The organizers of our conference made no provision for attending remotely (with the exception of the paper noted above). This was a comfortably old-fashioned event in which being in Salzburg together – not only listening to the papers but walking the streets and along the banks of the fast-flowing Salzach, sharing meals and attending a concert in the Mozart family apartment as well as a musical mass in the cathedral – was an essential part of the experience.
A day-long excursion to Munich further enriched that experience. Much closer to Salzburg than is Vienna, Munich offered the young Mozart more professional opportunities than the Habsburg capital. Our tours of Nymphenburg Palace and the Cuvilliés Theatre (where Idomeneo was performed in 1781) brought us into close physical contact with other aspects of the world in which Mozart lived before settling in Vienna.
The viewing of two exhibitions framed the conference.
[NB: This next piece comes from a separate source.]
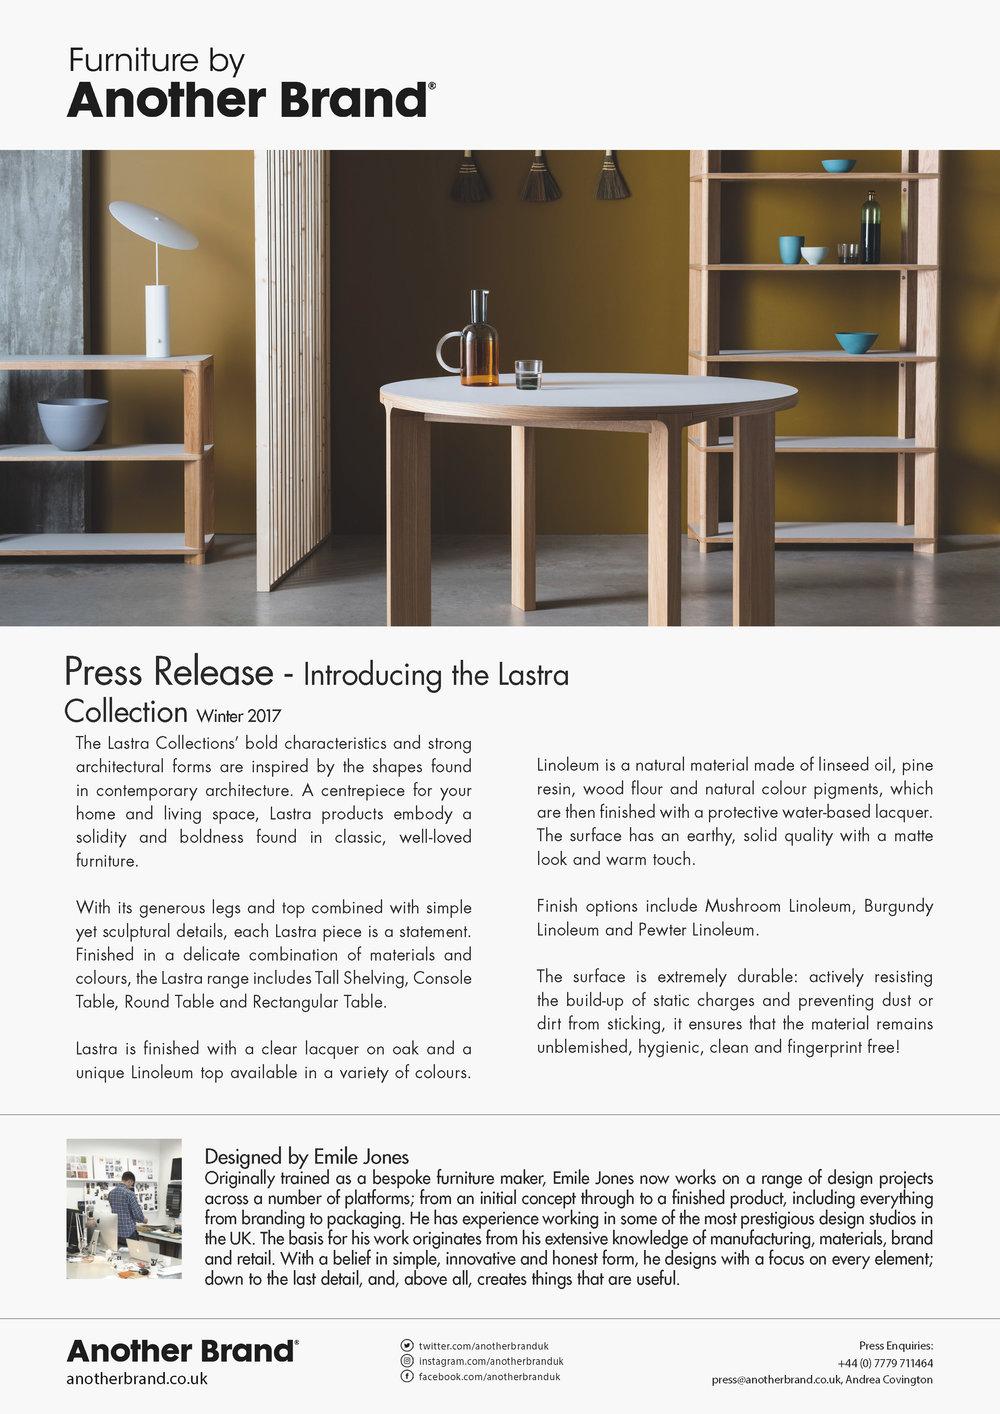 Another Brand_PressRelease_Lastra.jpg

The opening reception, in the Mozart family apartment, simultaneously celebrated the opening of an exhibition on Mozart's singers. Portraits, musical autographs, letters and librettos assembled by the curators Karl Böhmer (Johannes Gutenberg-Universität Mainz), Paul Corneilson and Ulrich Leisinger documented the complex and productive relations between the composer and the musicians who brought his operas to life. At the end of the conference, as an unscheduled bonus, Matthew Werley (Universität Mozarteum) gave us a guided tour of an exhibition curated by him at the Universität Mozarteum, Salzburg's main conservatoire, ‘Salzburg and 100 Years of the International Society for Contemporary Music’. While this had nothing directly to do with Mozart, it offered valuable perspectives on the evolution of Salzburg in the early twentieth century into a musical capital.